I don't really see how SM was fresh when it was just a poor imitation of the gameplay found in Frictional's titles with dreadfully shallow story and gameplay. Not to mention an atmosphere that failed to be scary in any way (literally on or off), and chase scenes that became old after the first one.
It was okay, but if Downpour end up being worse I'd be very disappointed as SM set the bar going forward pretty low.
I still need a mid-game spoiler; be it location, scenario, enemy, what have you; to convince me to pick this game up. Something that would make me "WTF!?" like past titles.
I don't really see how SM was fresh when it was just a poor imitation of the gameplay found in Frictional's titles with dreadfully shallow story and gameplay. Not to mention an atmosphere that failed to be scary in any way (literally on or off), and chase scenes that became old after the first one.
It was okay, but if Downpour end up being worse I'd be very disappointed as SM set the bar going forward pretty low.
I agree, timetokill, but it isn't going to happen. It will either be because Konami wants to play things safe enough to guarantee a return, or the devs won't be able to pull it off.
The psychology aspect gives the false impression of depth, but upon further analysis it doesn't hold up. Sure, Cybil may show more cleavage and her hair color might change, but does that have any effect on the story at all? No, no it does not. Nothing changes based on that other than the simple aesthetics of it. It's cheap parlor trick to fool people into believing the game is deeper than it actually is. Cybil isn't the only thing in the game to suffer from this, but it's just an easy example. The game is loaded with it. Playing through it twice makes it easily apparent how constant everything remains with simple aesthetic details changing here and there based on how you respond to the psychiatrist. The worst part is the endings, which are purely arbitrary and contrived (noticing a bottle of booze makes me a drunk? XFD)
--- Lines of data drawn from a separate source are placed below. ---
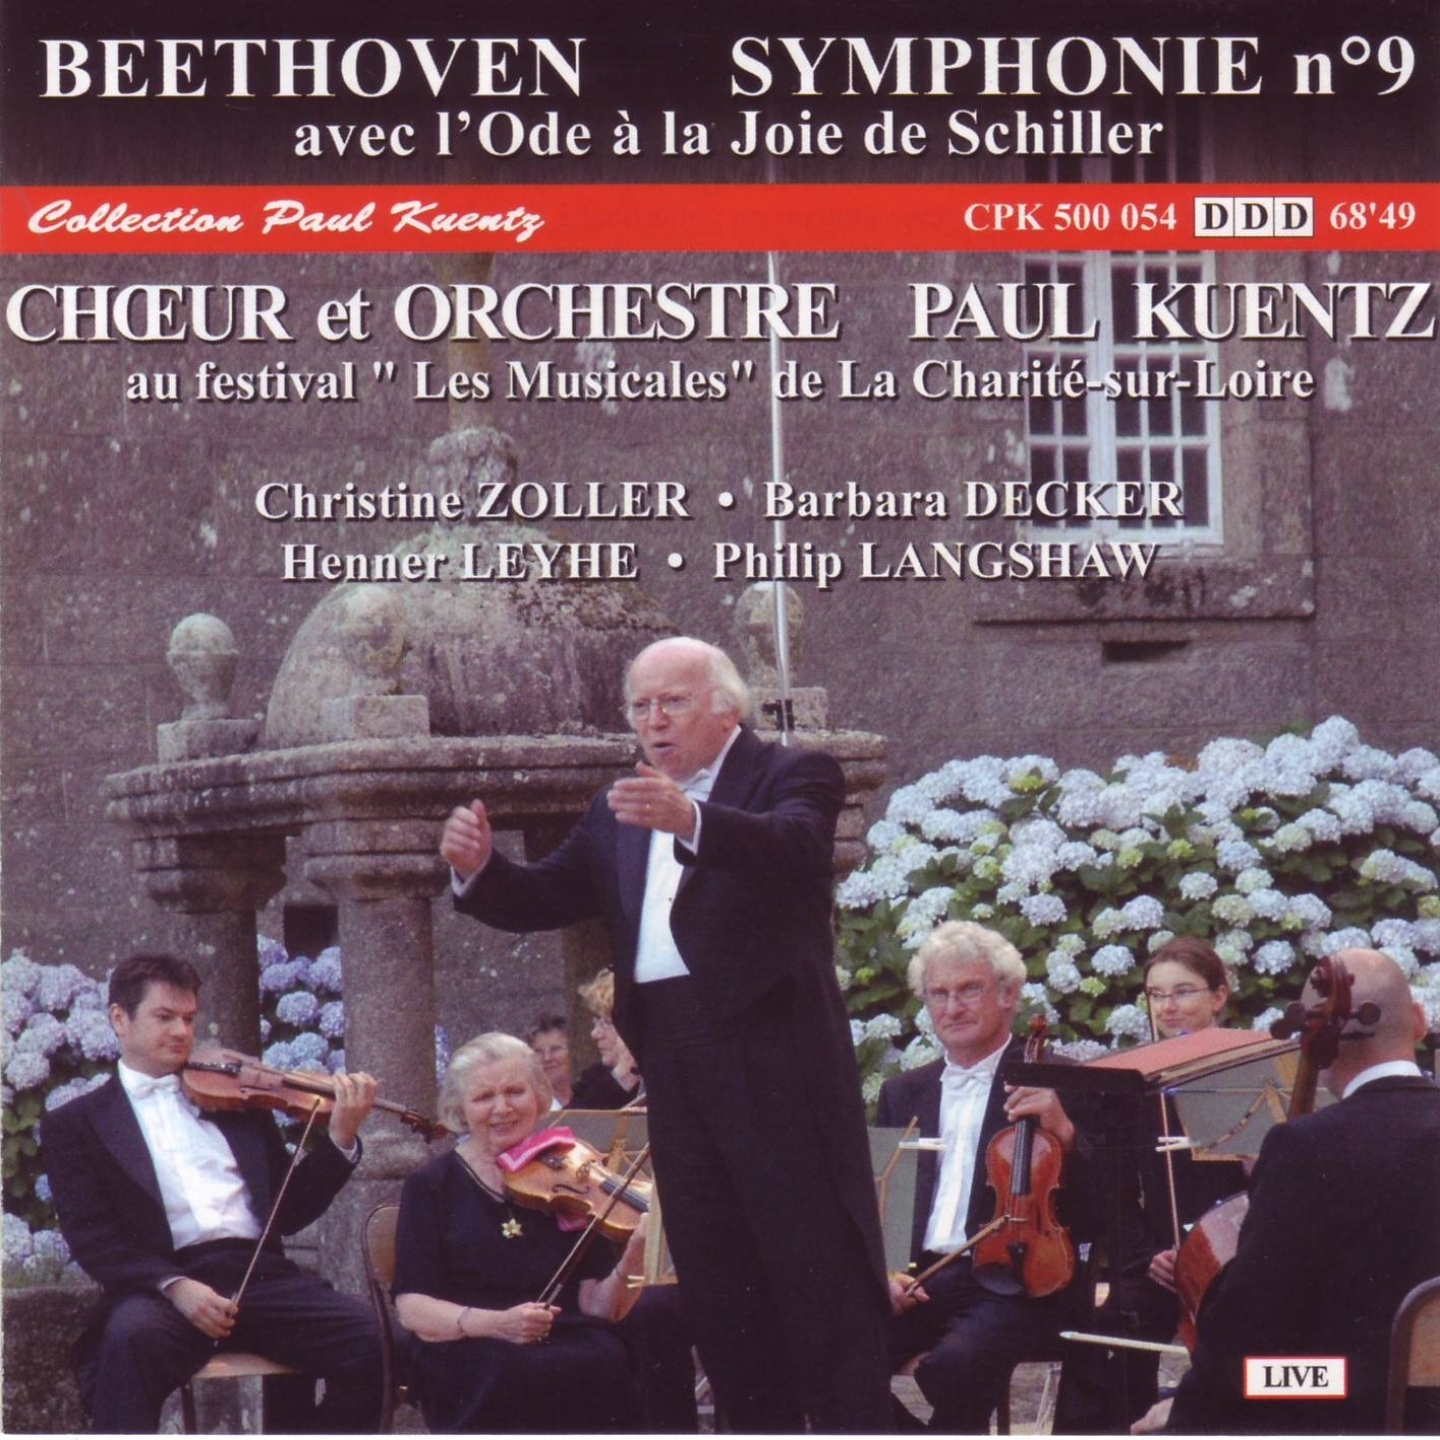 Ludwig Van Beethoven : Symphonie n9 en re mineur, Op. 125, avec l' Ode a la joie de Schiller
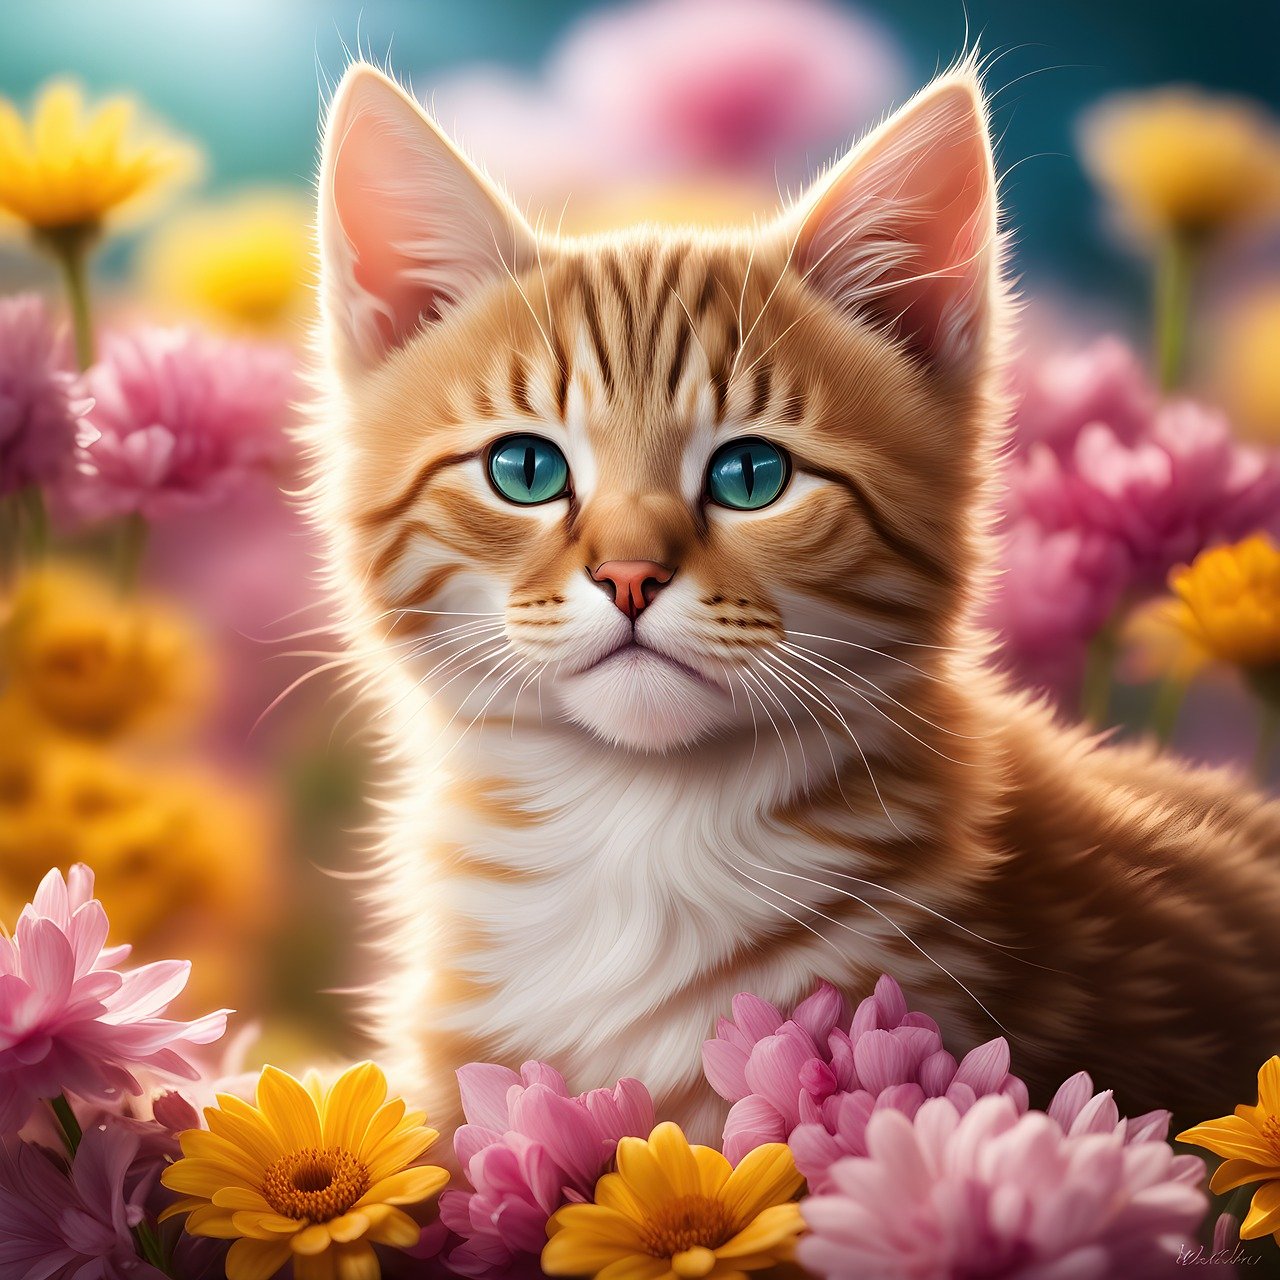 ai-generated-kitten-flowers-8485818
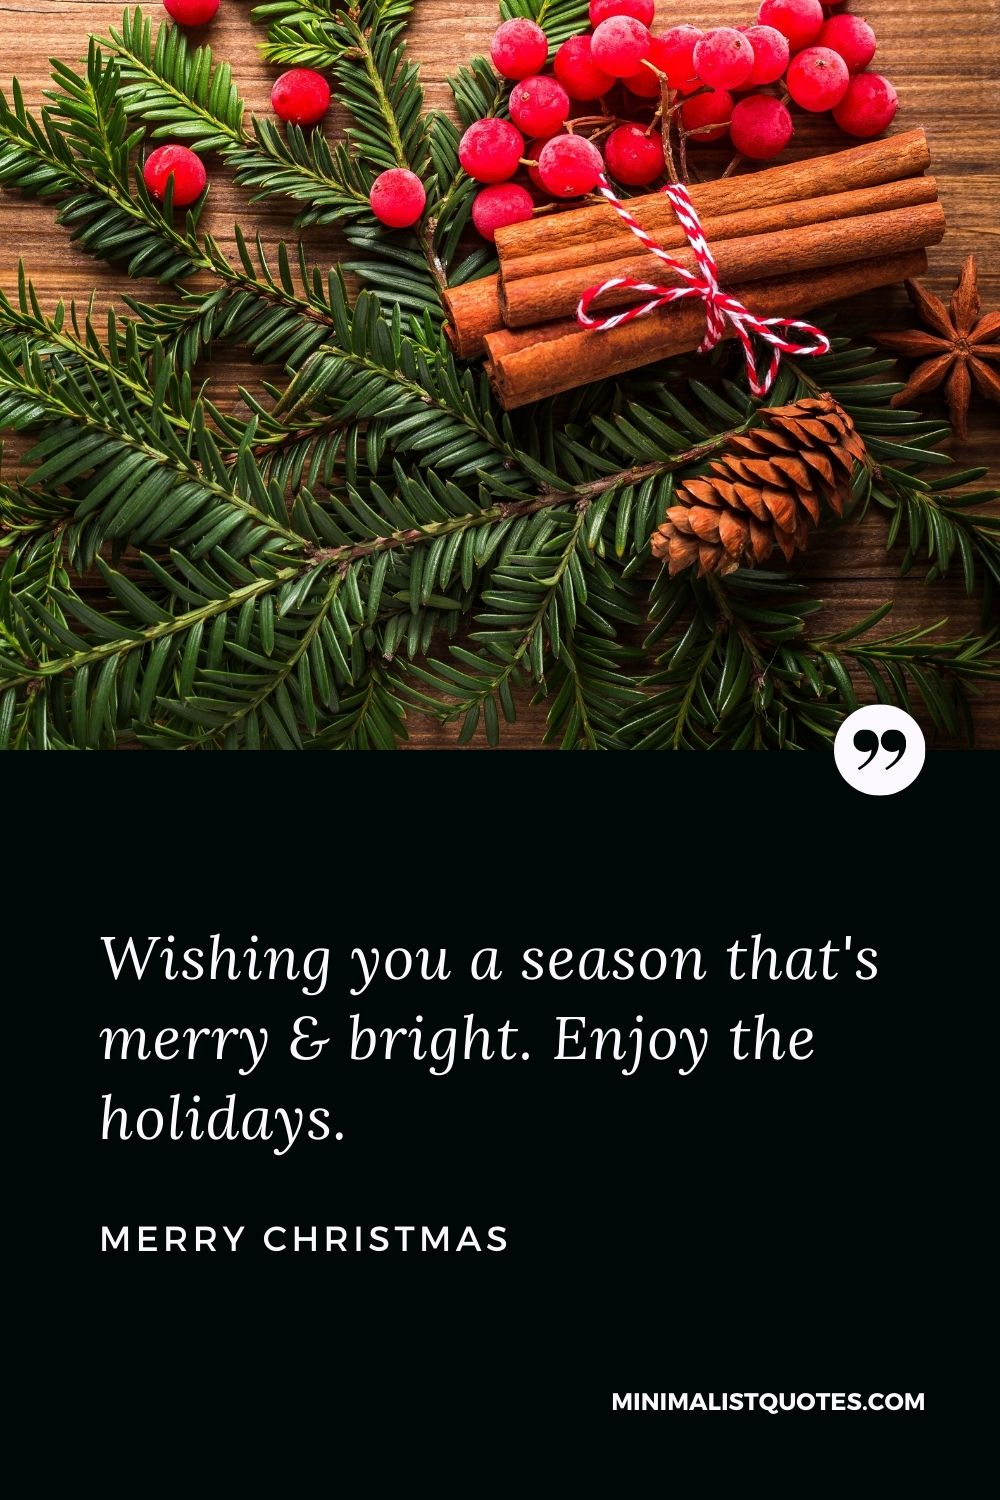 Merry Christmas Wish - Wishing you a season that's merry & bright. Enjoy the holidays.

I've always found it hilarious Climax got by with what they did in that game given how shallow of an experience it is. It was an interesting concept that they ultimately did nothing with.
I agree, timetokill, but it isn't going to happen. It will either be because Konami wants to play things safe enough to guarantee a return, or the devs won't be able to pull it off.
The psychology aspect gives the false impression of depth, but upon further analysis it doesn't hold up. Sure, Cybil may show more cleavage and her hair color might change, but does that have any effect on the story at all? No, no it does not. Nothing changes based on that other than the simple aesthetics of it. It's cheap parlor trick to fool people into believing the game is deeper than it actually is. Cybil isn't the only thing in the game to suffer from this, but it's just an easy example. The game is loaded with it. Playing through it twice makes it easily apparent how constant everything remains with simple aesthetic details changing here and there based on how you respond to the psychiatrist. The worst part is the endings, which are purely arbitrary and contrived (noticing a bottle of booze makes me a drunk? XFD)
I've always found it hilarious Climax got by with what they did in that game given how shallow of an experience it is. It was an interesting concept that they ultimately did nothing with.
Regardless of how well developed or deep the psychology aspect of the game is, the core of the story is always the same. And that story is absolutely fantastic by gaming standards.
Climax actually managed to do something different from any of the other post-4 devs. They also managed to (I believe) successfully use my expectations and experience with the games against me.
If they would quit dancing around SH1 so much, I think they would make a fantastic SH game.
Regardless of how well developed or deep the psychology aspect of the game is, the core of the story is always the same. And that story is absolutely fantastic by gaming standards.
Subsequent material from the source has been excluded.